March 10, 2014
In-Home Care: Helping Parents be Parents
— The following letter was written by Melissa Rhodes, the mother of one of our clients in Tyler, Texas. We are honored to share it with you. —
Much to our surprise, on March 4, 2012, we welcomed our 1-pound, 14-ounce baby boy into our world, and since then, nothing has ever been the same.
Looking back now, we are so grateful for our complete ignorance, or we would have been terrified. In our minds, our tiny Nash just needed to grow, and he’d get to come home.
Unfortunately, it was not nearly that easy.
Three surgeries, three hospitals, hundreds of tests, a trach, a g-button, and seven months later – 211 days to be exact – we walked through the front door of our home with our baby boy in our arms for the very first time.
In making the excruciating decision that our sweet, delicate baby needed a tracheotomy surgery, one of the hardest parts to accept was that Nash would need round-the-clock nursing care.
I clearly remember his doctor ever so gently breaking the news to me that yes, he had to have the surgery, and yes, he would have nurses in our home for an undetermined amount of time.
Immediately, I said I did not want the nurses, we were his parents, and we would care for our son by ourselves. The doctor stopped me immediately and said, “You will want the nurses!”
So, there to meet us at our home was a nurse, and sure enough, we were glad she was there!
Soon thereafter, several other members of Epic’s team came to meet us. The theme of their message was that they were there so we could be Nash’s parents, not just his caretakers.
In Nash’s first year at home, he was getting upwards of a dozen different medications – most several times a day, ten or more nebulizer treatments, and six feeds (by g-button) each day. Just managing that schedule was a full-time job… an exhausting full-time job!
Instead of having to stay on task day in and day out, we were holding our baby, playing in the floor, rocking him to sleep, kissing, hugging, giggling, and mostly enjoying being at home with Nash.

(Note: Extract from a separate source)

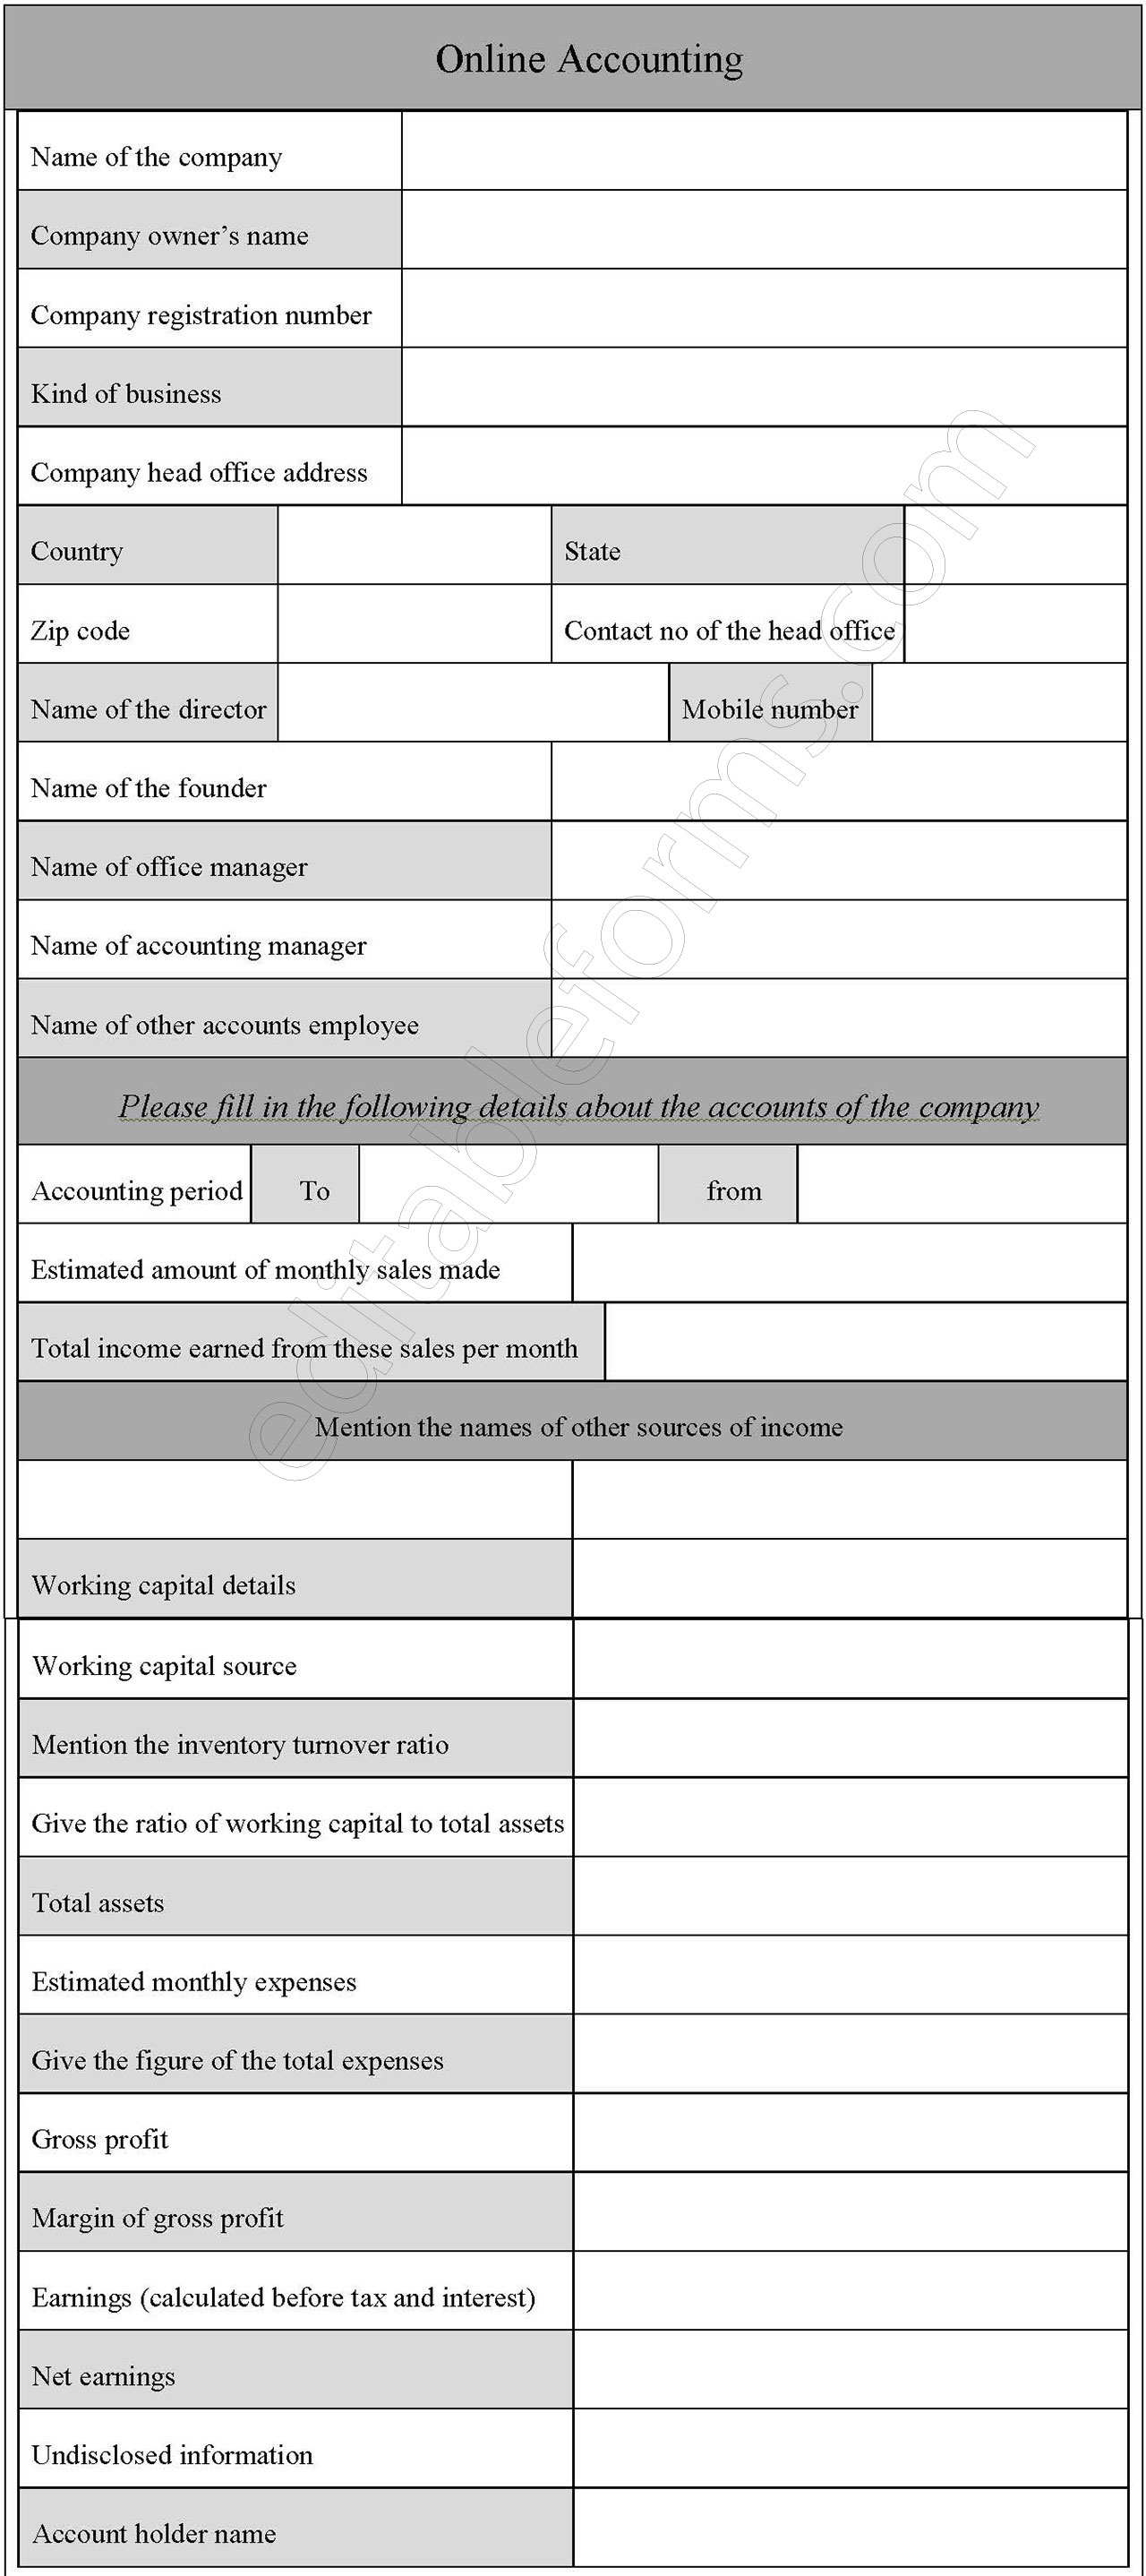 Online Accounting Form

Now, more than a year and a half later, we are chasing him around the house, practicing new words, playing with toys, breaking up wrestling matches between him and the dog… and thanks to our amazing nurses, being his parents, not his caretakers.
Nash’s nurses have become part of the family. They have been there for the good days and bad ones, too.
They were there for his first birthday party, his first Christmas, when he learned to crawl, walk and talk. They were the ones to wean him off the ventilator he’d been on his entire life, and they were there when he snuck away from us all and pulled his trach out himself. Believe me, it wasn’t the nurse’s fault!
Because of those ladies… and a couple of men, too… we have gotten to be a family – a daddy, a mama, and a VERY healthy little boy – and for that, we will forever be grateful!